J’ai lu sur le rock bien avant d’en écouter. Je continue aujourd’hui d’ailleurs, je peux passer une semaine entière sans écouter un album alors que j’ai lu ces dernières semaines les écrits de Steve Reich, un bouquin sur l’alternatif français, les mémoires de Johnny Rotten, la biographie de Lester Bangs, une histoire de Suicide et j’en passe.
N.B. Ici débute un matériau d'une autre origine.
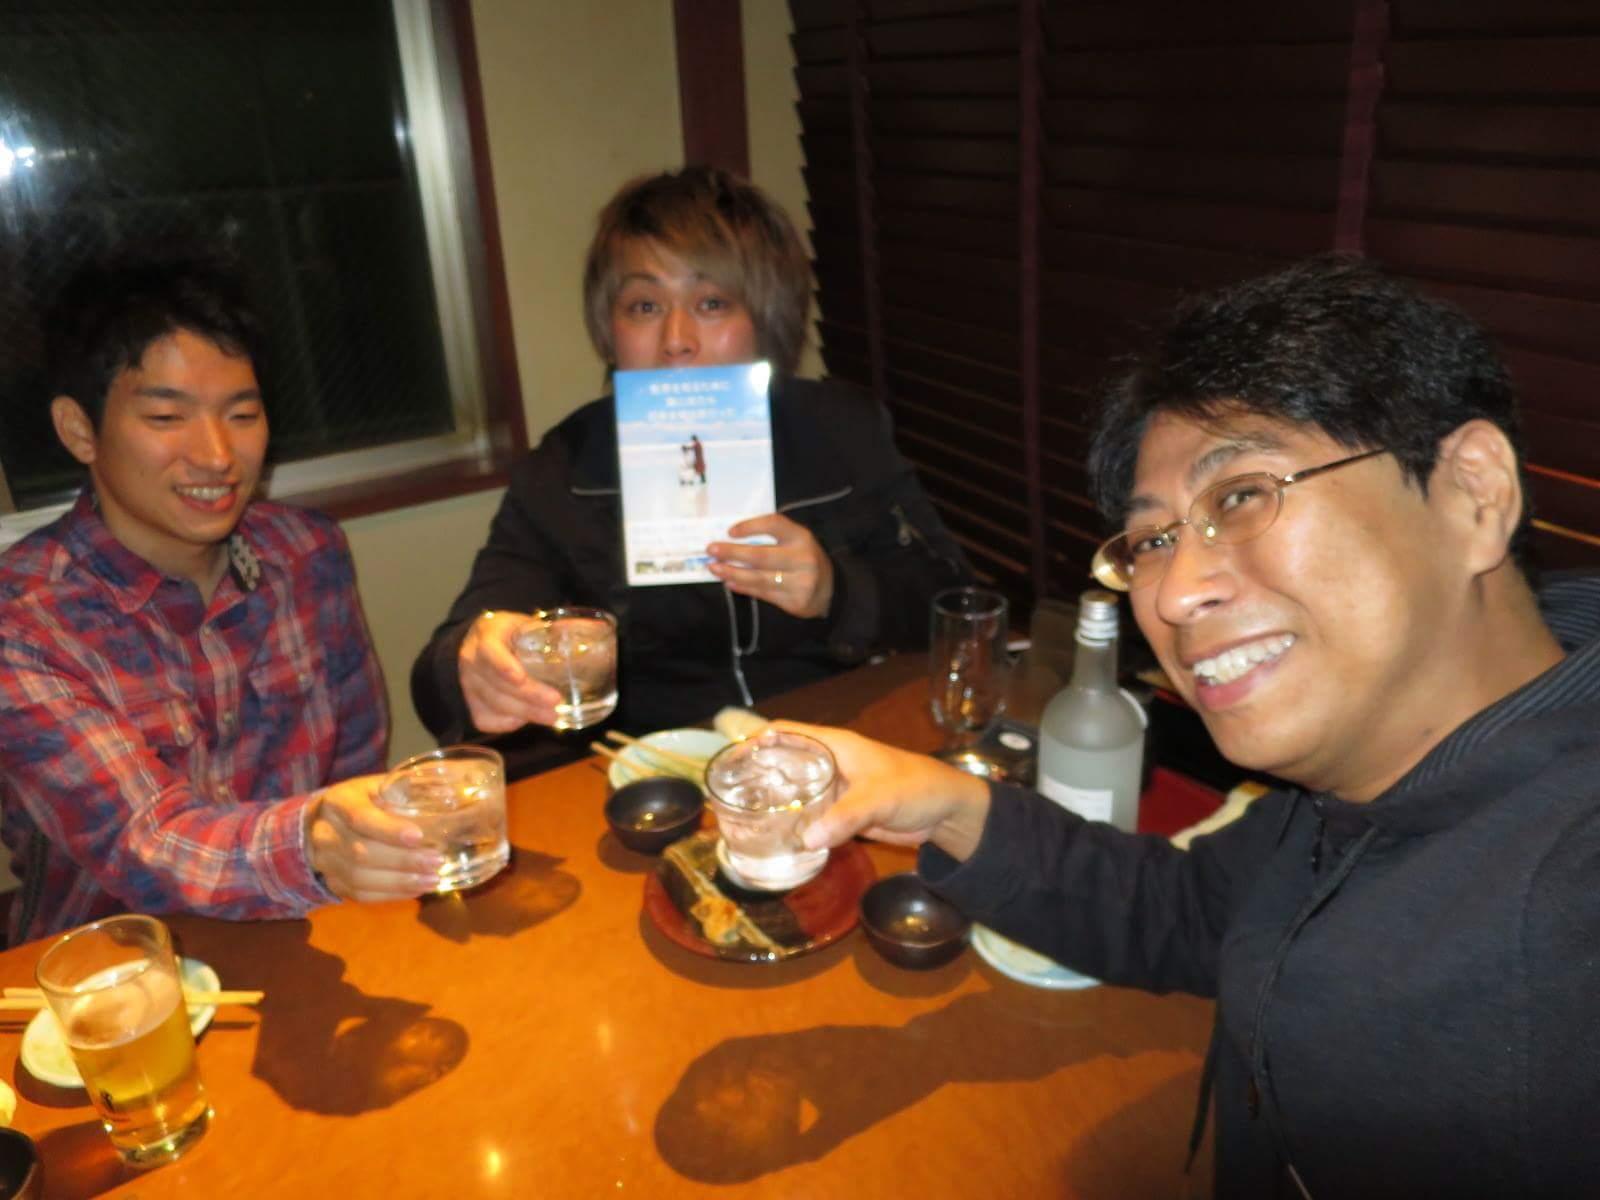 熊本の震災ボランティアで出会った方
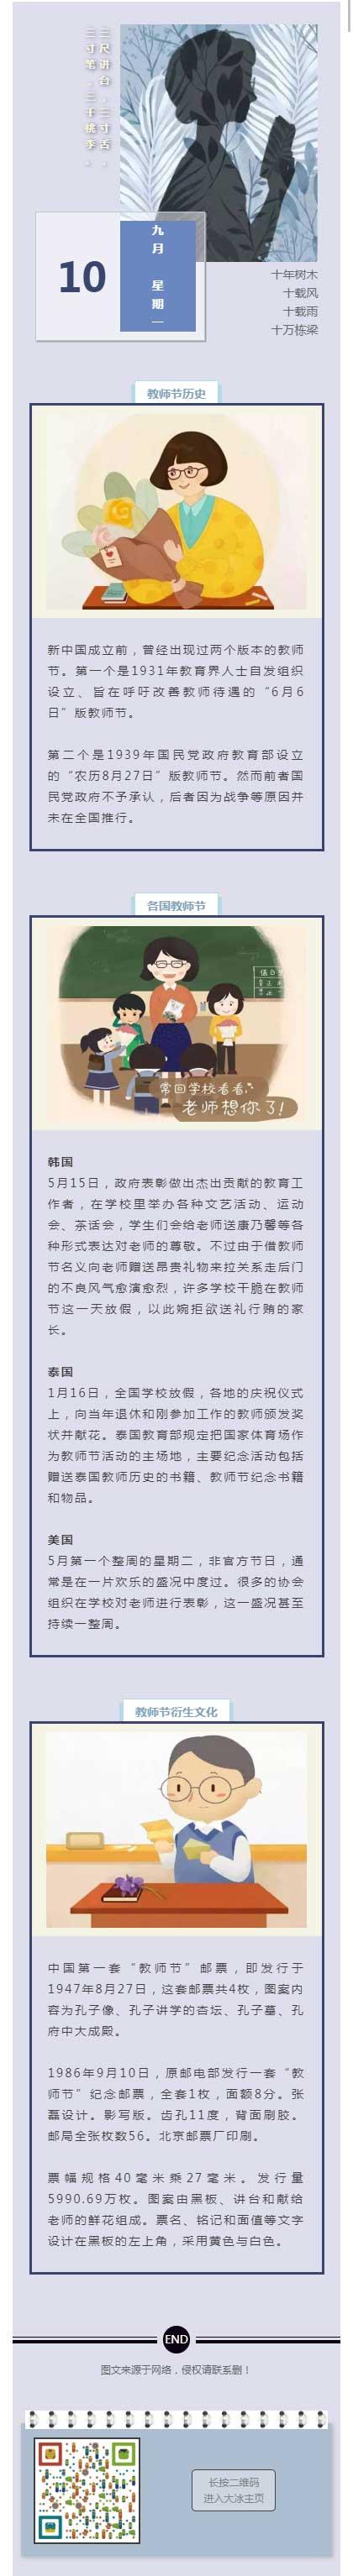 教师节9月10日紫色文章模板

Pere Ubu, 1975, 30 seconds over Tokyo
Je suis un obsessionnel et ça fait longtemps que ça dure et ça devrait durer encore jusqu’au cancer, jusqu’à la cirrhose, jusqu’à l’insuffisance respiratoire, ça devrait durer encore quelques années. Quand je tombe sur un auteur qui m’accroche, je lis tout ce que je peux trouver. Céline, des romans aux pamphlets sans oublier la correspondance. Selby. Brautigan, Despentes. Damasio, Kafka. Mais pas les biographies, ce que d’autres ont à raconter de leurs vies ne m’intéressent pas. Quand je tombe sur un éditeur qui me plaît, je lis tout. L’Association en 2002-2003, la Fabrique en 2015, la collection Une heure-lumière chez le Bélial ces temps-ci. Et la musique c’est pareil évidemment.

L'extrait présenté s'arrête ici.